Alta tecnologica con ricadute dirette sull'efficienza energetico-ambientale e sulla vita dell'opera, con significativi risparmi nei costi di gestione: elementi che oggi più che mai risultano essere tra le prerogative dei progetti di sviluppo di Dea Capital Real Estate sgr, società firmataria del Pri (Principles for Responsable Investment). «Elemento distintivo, non solo dal punto di vista architettonico, sono le facciate del centro direzionale, che svolgono una funzione centrale anche dal punto di vista funzionale: sono state infatti progettate - spiegano da Dea Capital - con l'obiettivo di garantire le massime prestazioni in termini di rendimento energetico e di illuminazione naturale degli ambienti anche in funzione della posizione del sole nel corso delle stagioni».

«La complessità di questo involucro, determinata tanto dalle scelte tecnologicamente innovative quanto dalla varietà e dalle forme non ripetitive, richiede una gestione sartoriale dall'ingegneria, alla produzione, all'istallazione.
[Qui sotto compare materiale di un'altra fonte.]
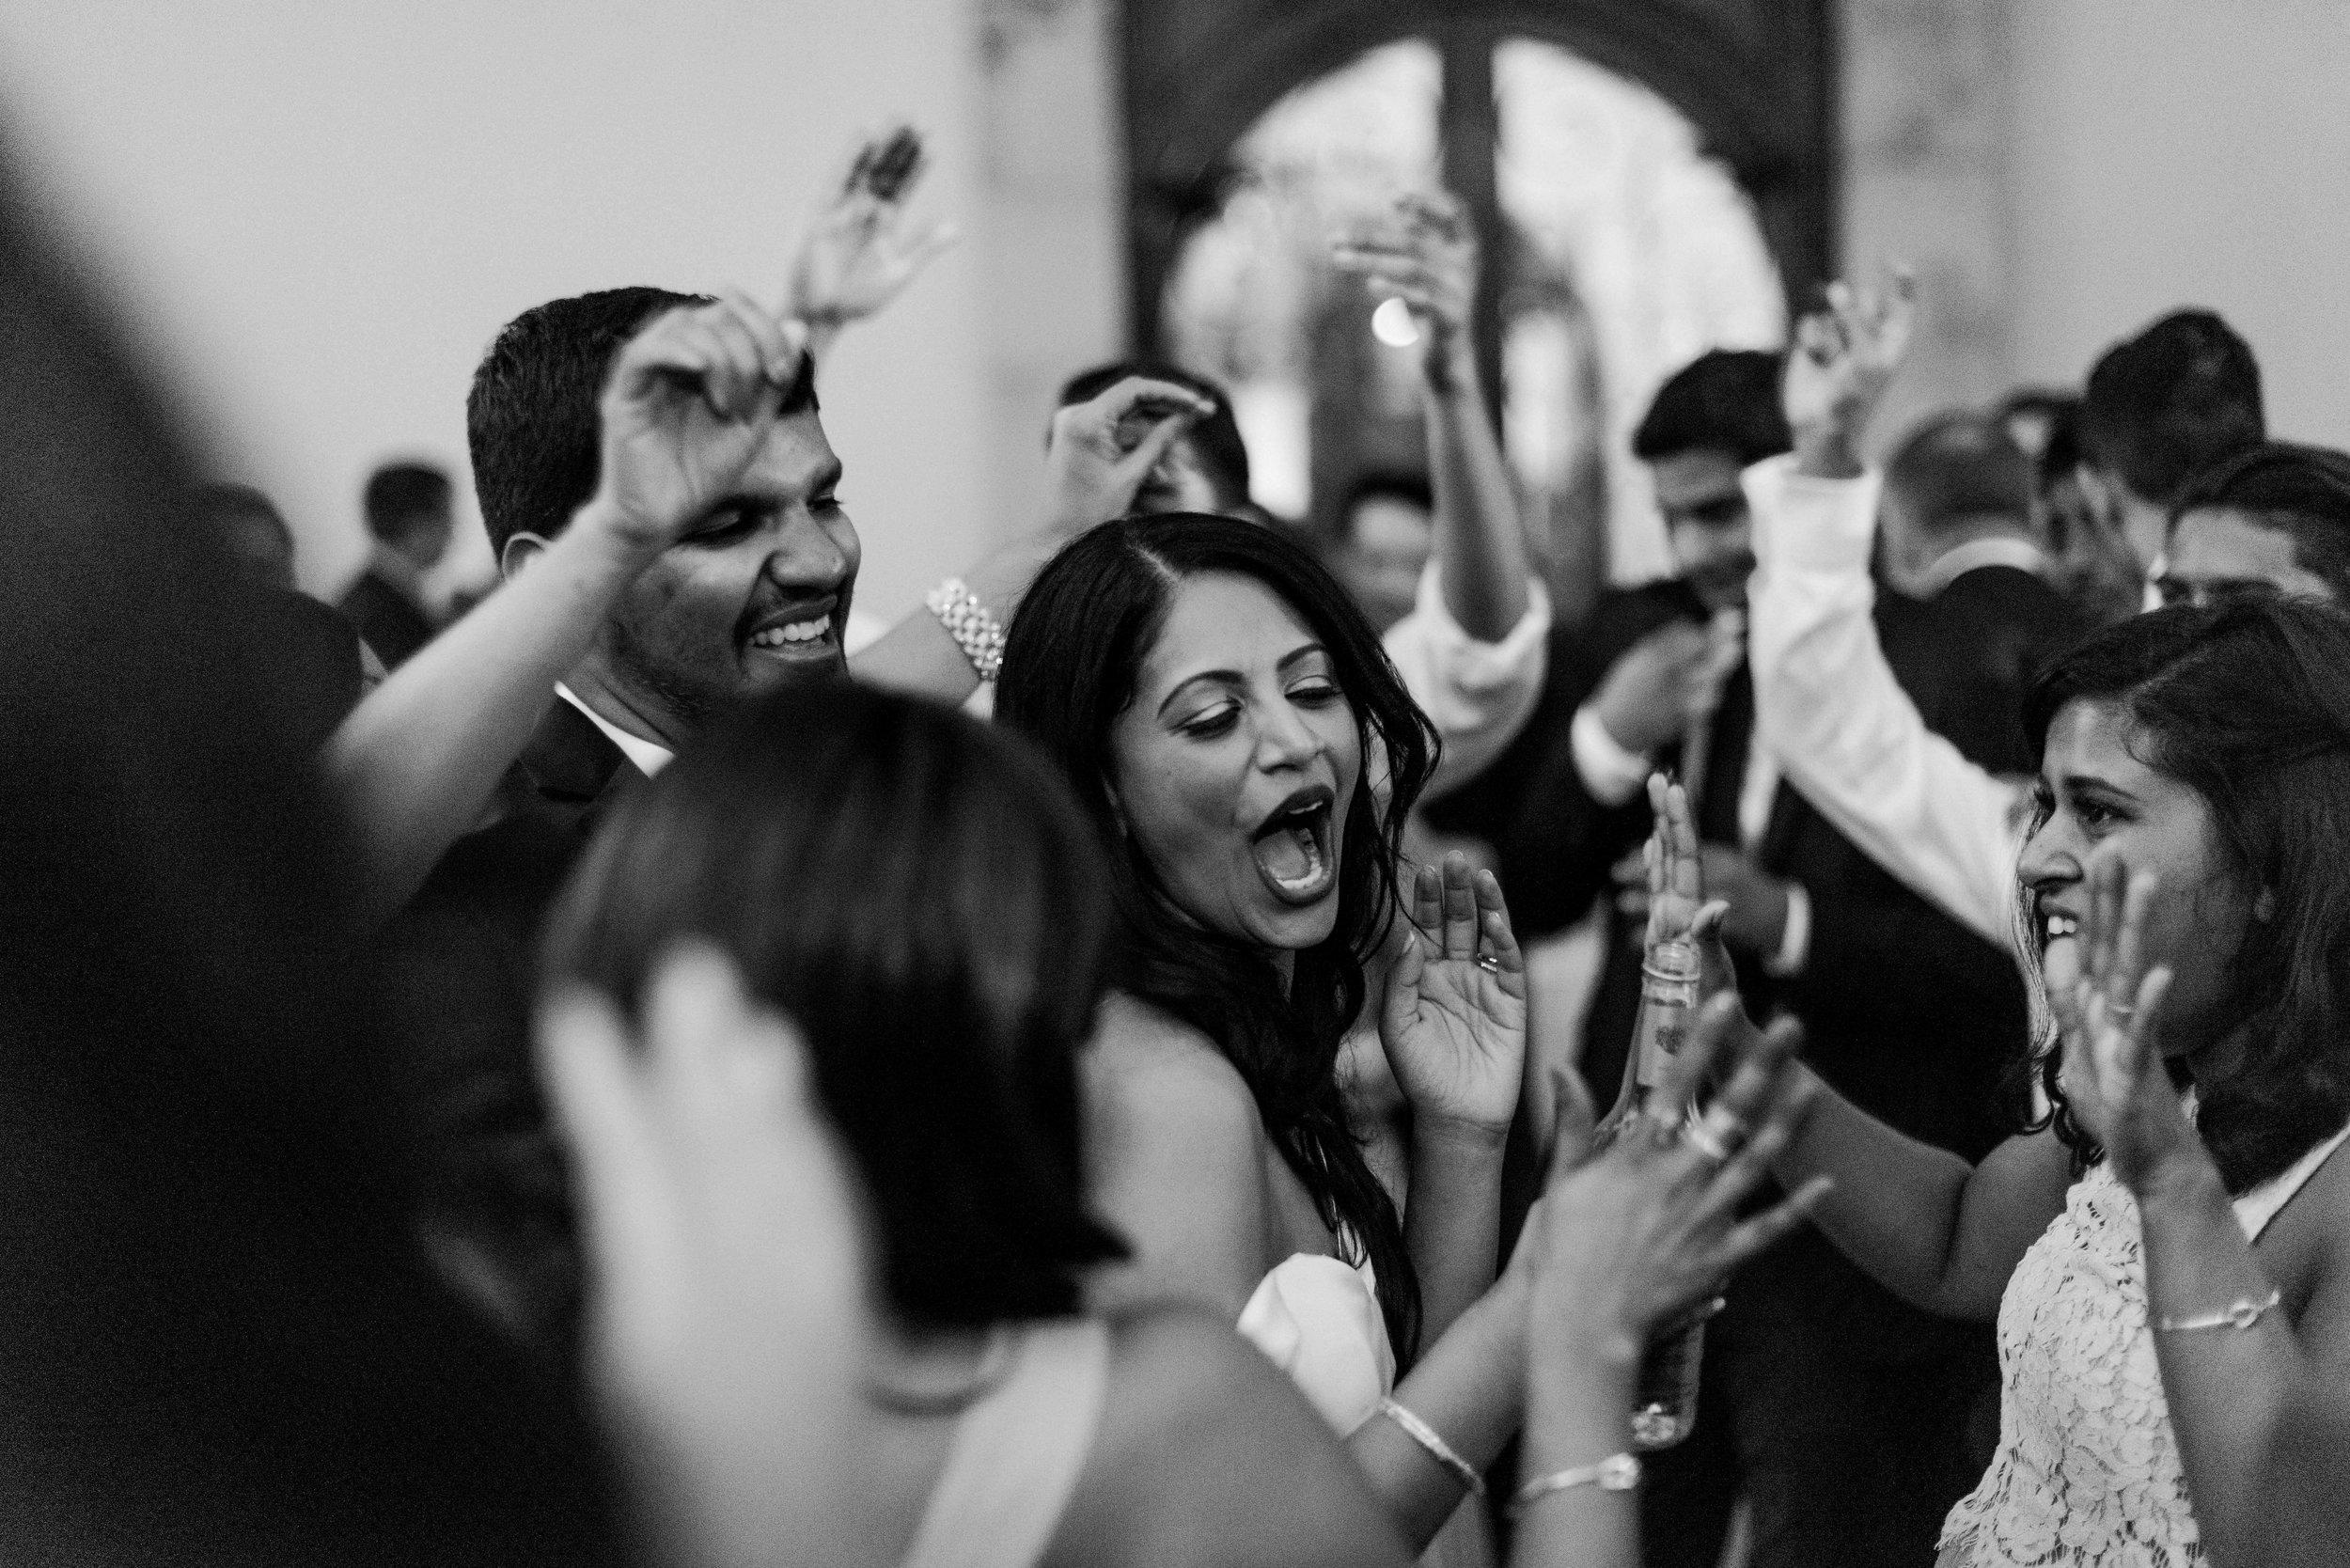 Fine-Art-Film-Houston-Wedding-Photographer-Best-Top-Luxury-Texas-Austin-Dallas-Destination-Dana-Fernandez-Photography-The-Bell-Tower-on-34th-Indian-40.jpg

Il coordinamento di così tanti elementi - racconta Marco Felici, direttore tecnico di Bodino impegnata in cantiere - può essere ottenuto grazie ad un uso all'avanguardia dei più innovativi mezzi informatici, fusi con il know how aziendale e con la capacità di traslare approcci artigianali a realtà industriali. Un esempio per tutti: l'intera vita di ogni componente è modellata virtualmente e poi identificata fisicamente con QRcode».

La Bodino si è occupata dell'ingegnerizzazione, produzione e realizzazione di 72mila mq di facciate, di cui 32mila di structural glazing e 40mila di rivestimenti a screen di acciaio inox elettro-colorato. La chiusura delle facciate con l'installazione delle cellule, del primo edificio denominato Landmark è quasi completato, gli step successivi saranno l'installazione delle cellule sul secondo edificio, il cosiddetto Icon, per poi procedere sul terzo, lo Skygarden. Spazio anche alla digitalizzazione con l'applicazione dei processi Bim dalla fase di ingegneria alla fase di installazione, fino alla manutenzione e al controllo. Ingegnerizzazione made in Italy per la società che è stata protagonista a Copenaghen per le 17 stazioni del Cityringen e, dopo il successo di Expo Milano 2015 è in cantiere per alcuni padiglioni (soprattutto con strutture e facciate in legno) per Dubai Expo 2020.